Excerpts from a dataset
- Opening Delimiter -
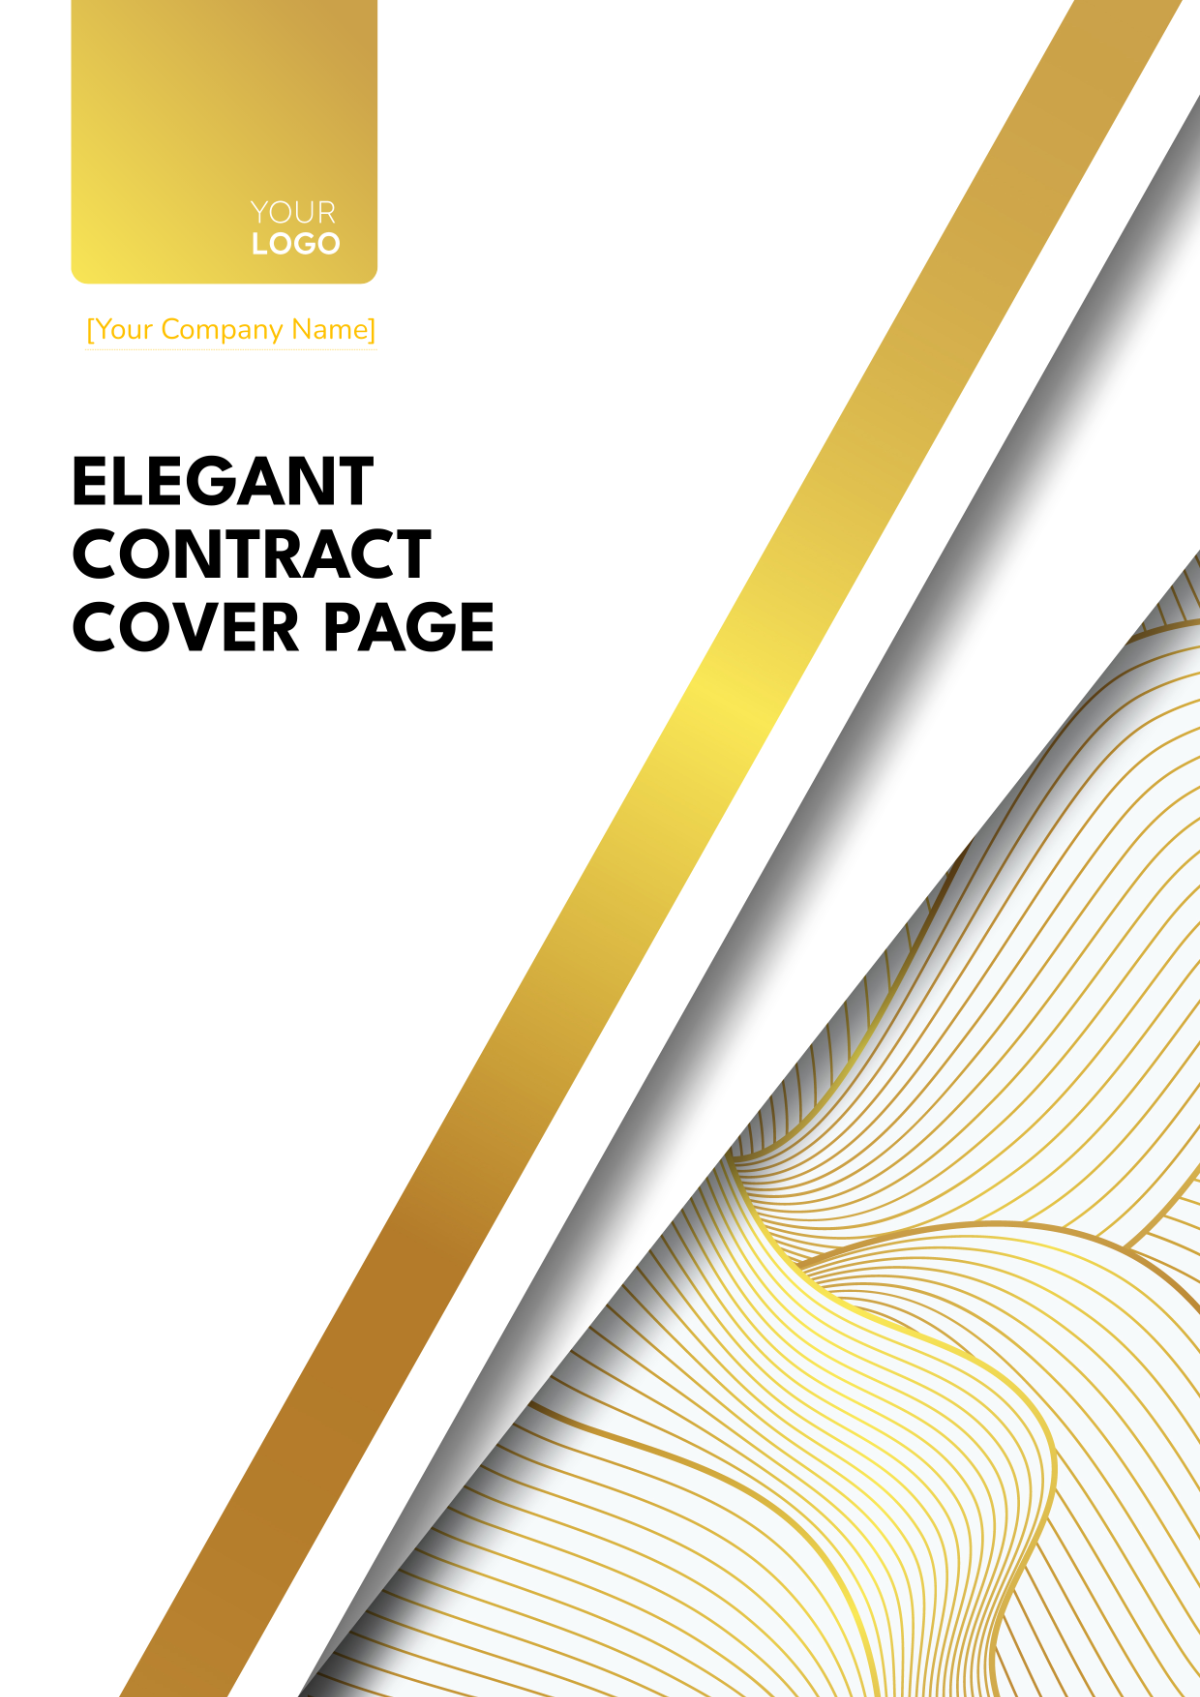 Elegant Contract Cover Page Template
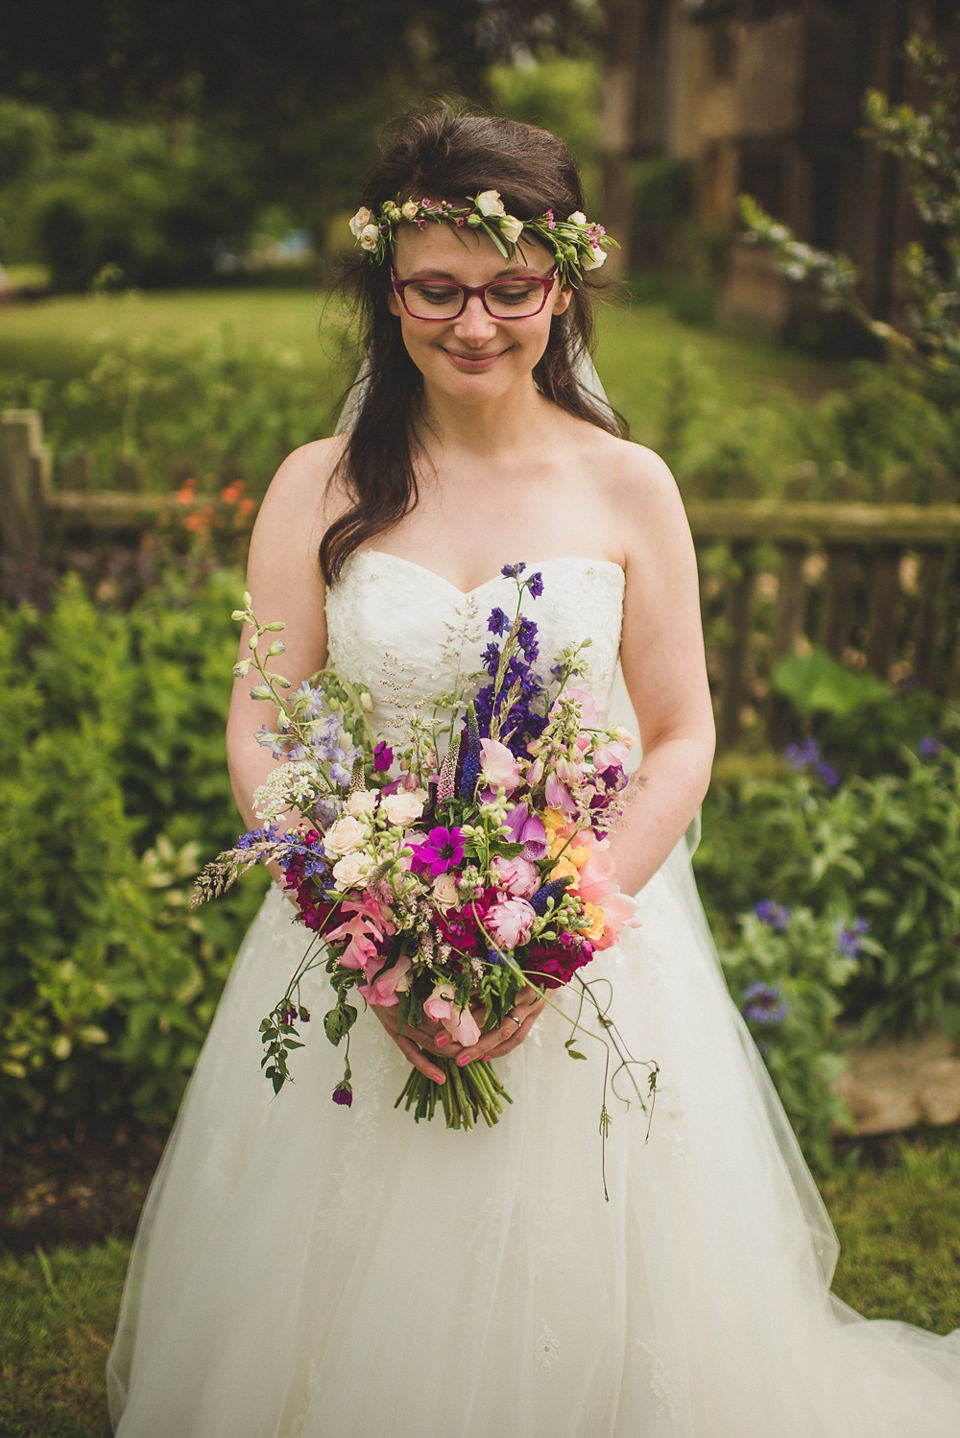 A beautiful bride wearing glasses and an Alfred Angelo gown for her Christian wedding. Photography by Matt Penberthy.
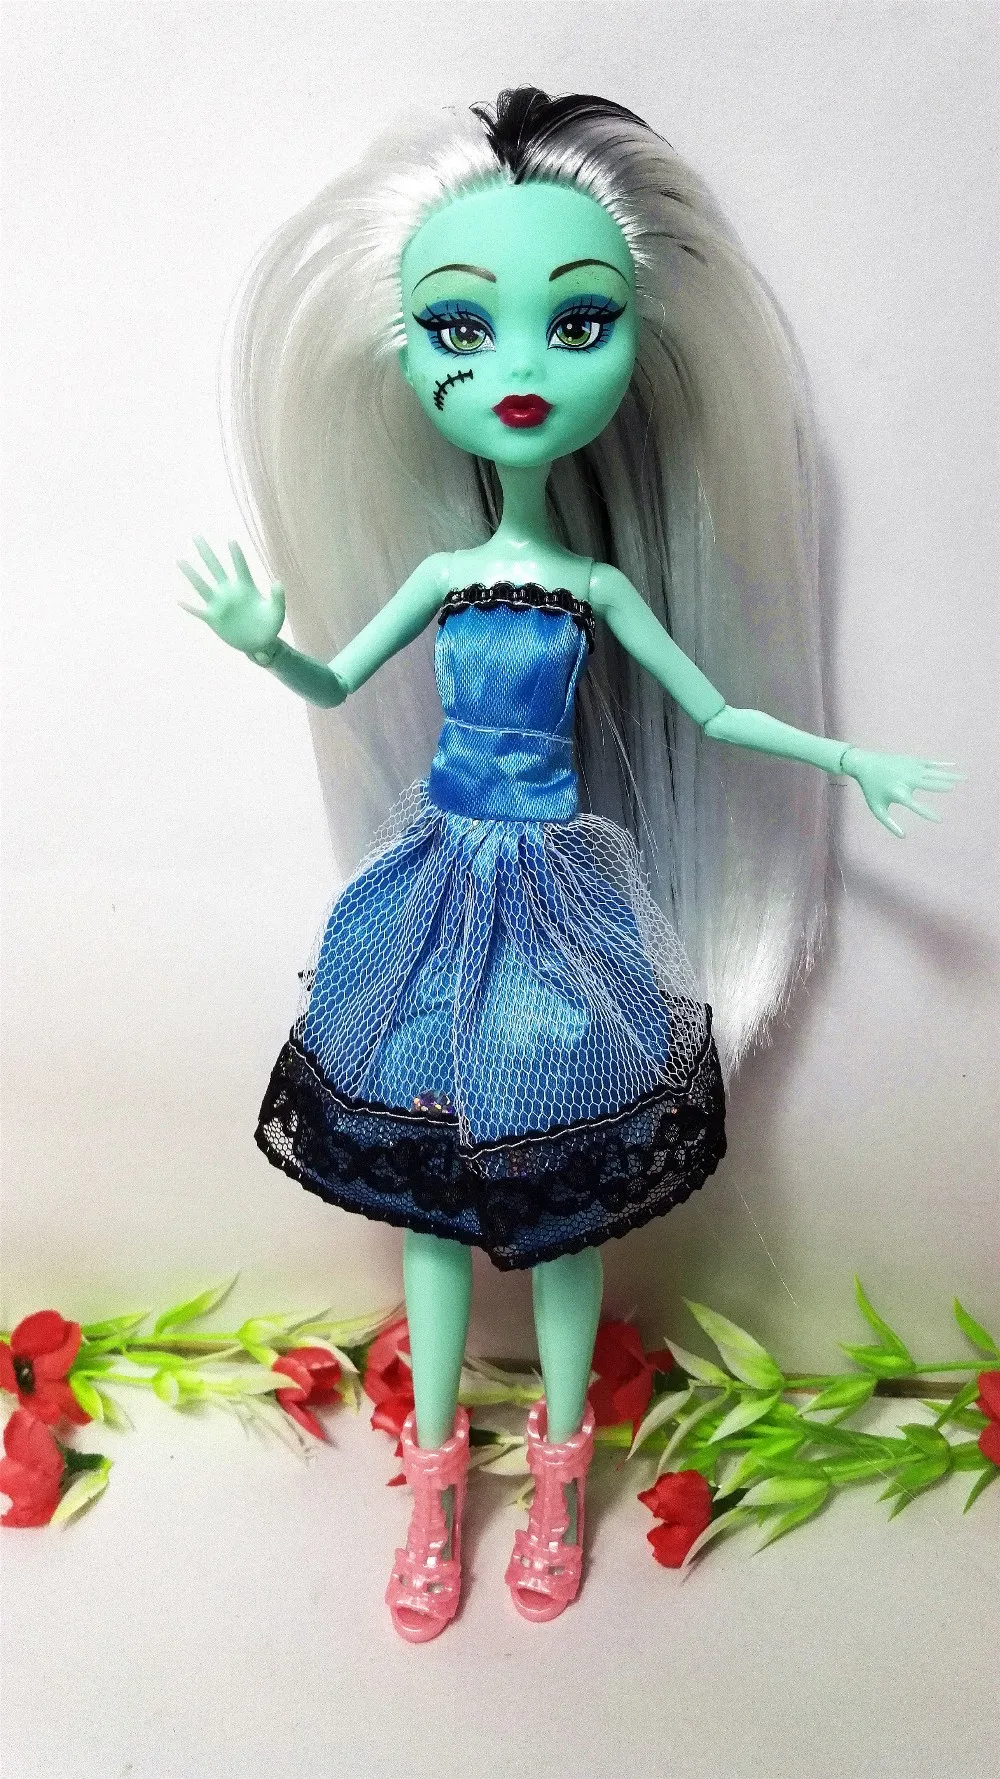 4pcslot-New-style-monster-fun-high-Dolls-Monster-Draculaura-hight-Moveable-Jointchildren-best-gift-Wholesale-fashion-dolls-4
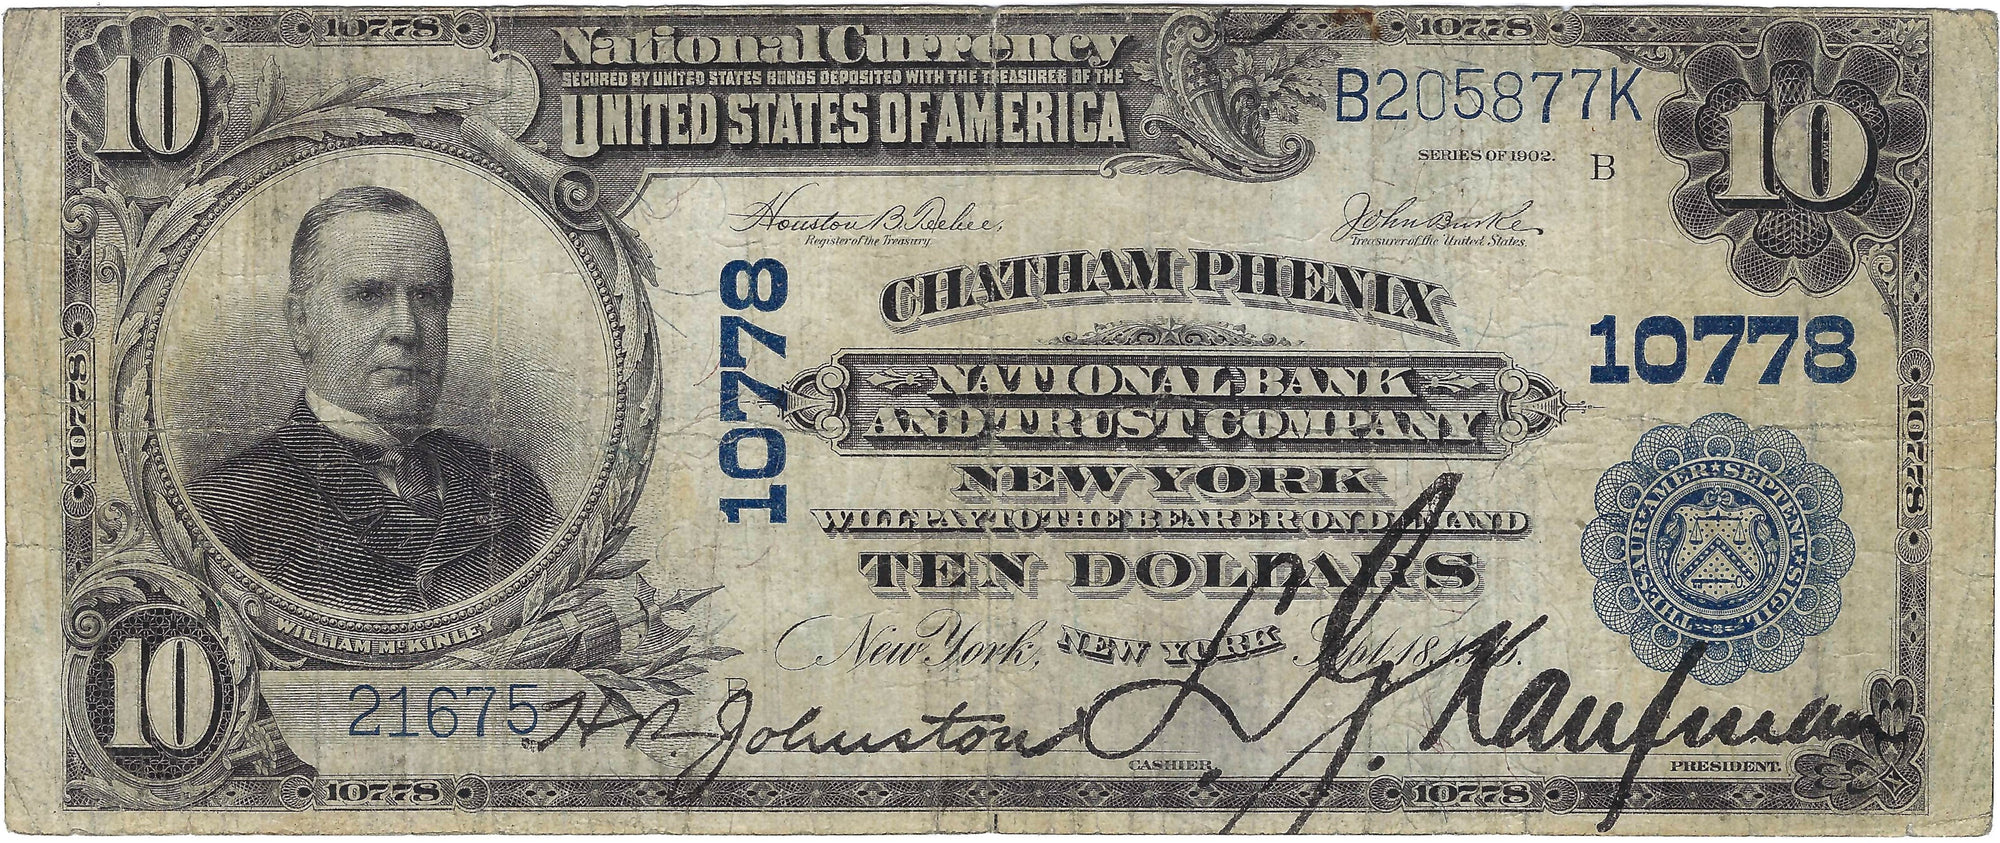 1902 $10 Large size National Bank Note, NB & Trust Co., Catham Phenix NY, Circulated
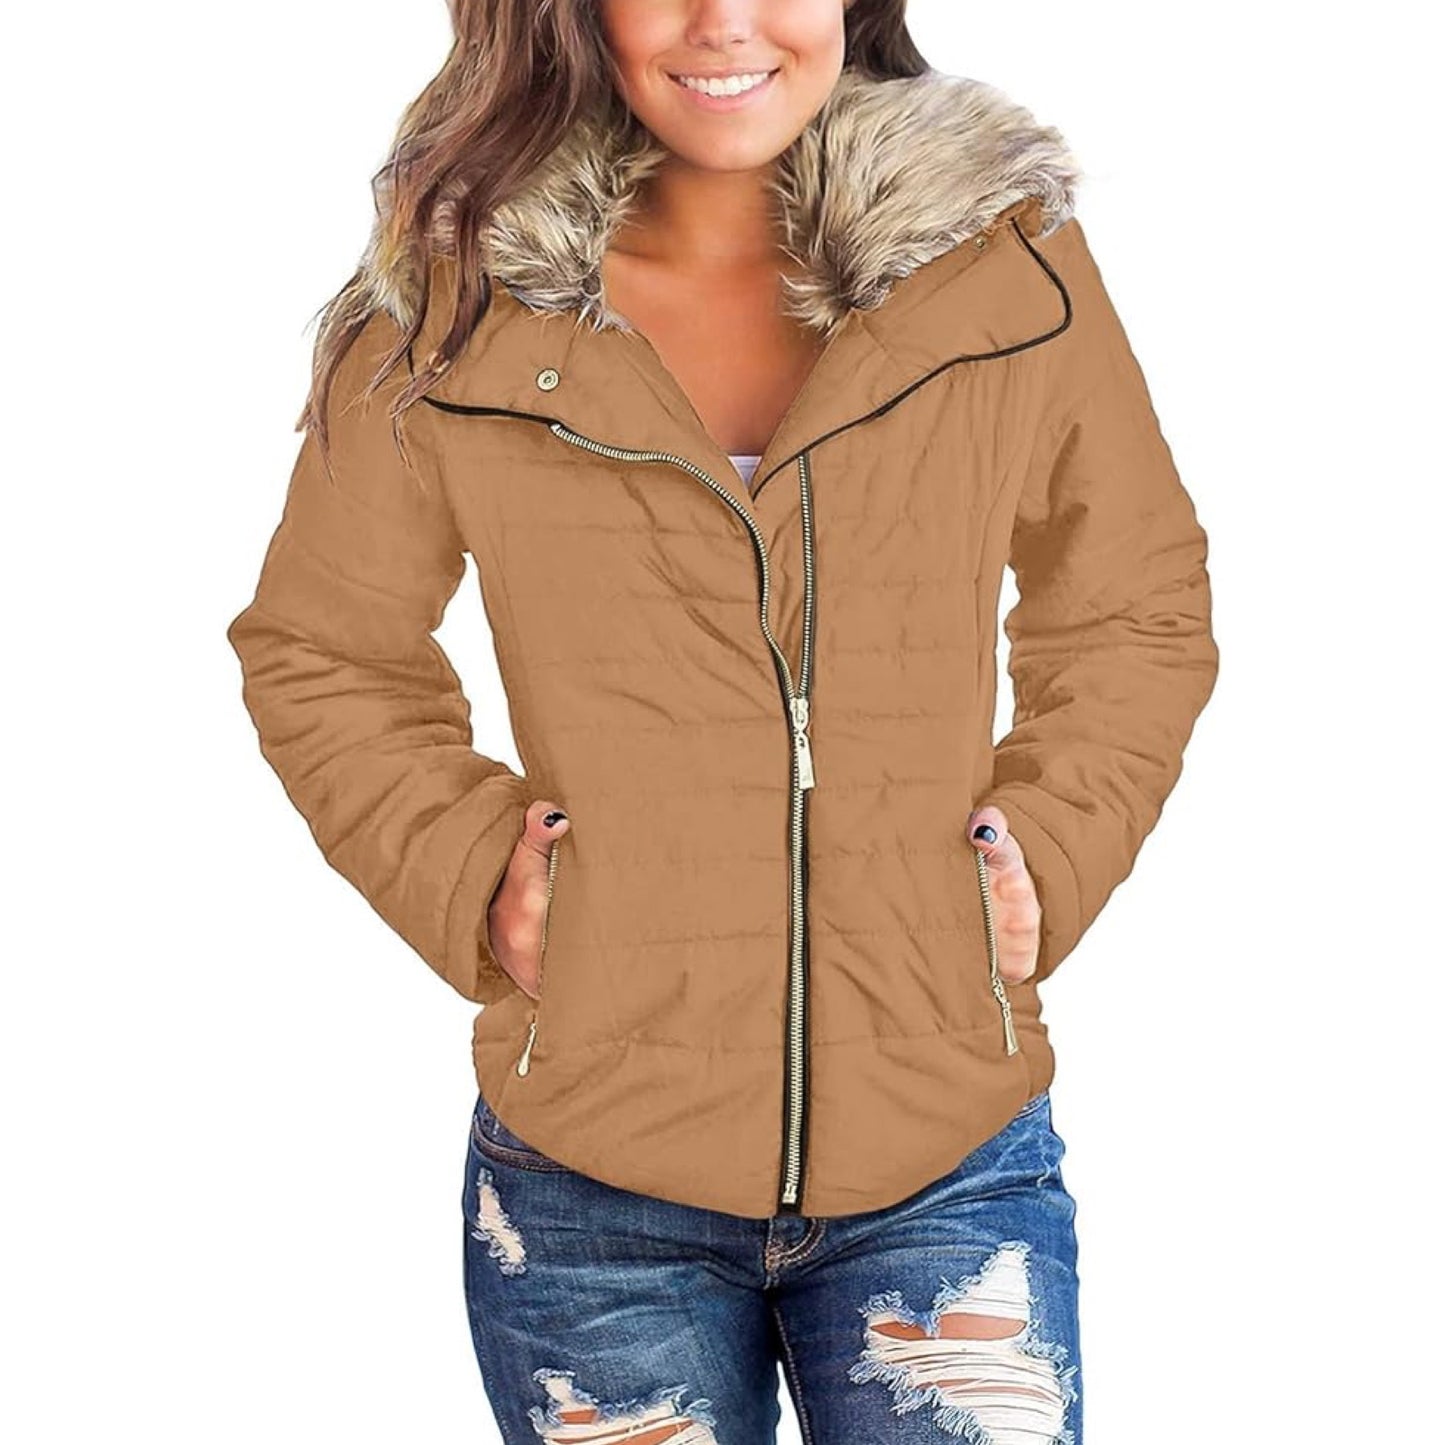 Women’s Casual Lapel Zip Pockets Quilted Parka Jacket Puffer Coat
- Closing Delimiter -
The reply should hold every line of the records unchanged and no pictures.

 Elegant Contract Cover Page Template
 A beautiful bride wearing glasses and an Alfred Angelo gown for her Christian wedding. Photography by Matt Penberthy.
 4pcslot-New-style-monster-fun-high-Dolls-Monster-Draculaura-hight-Moveable-Jointchildren-best-gift-Wholesale-fashion-dolls-4
 1902 $10 Large size National Bank Note, NB & Trust Co., Catham Phenix NY, Circulated
 Women’s Casual Lapel Zip Pockets Quilted Parka Jacket Puffer Coat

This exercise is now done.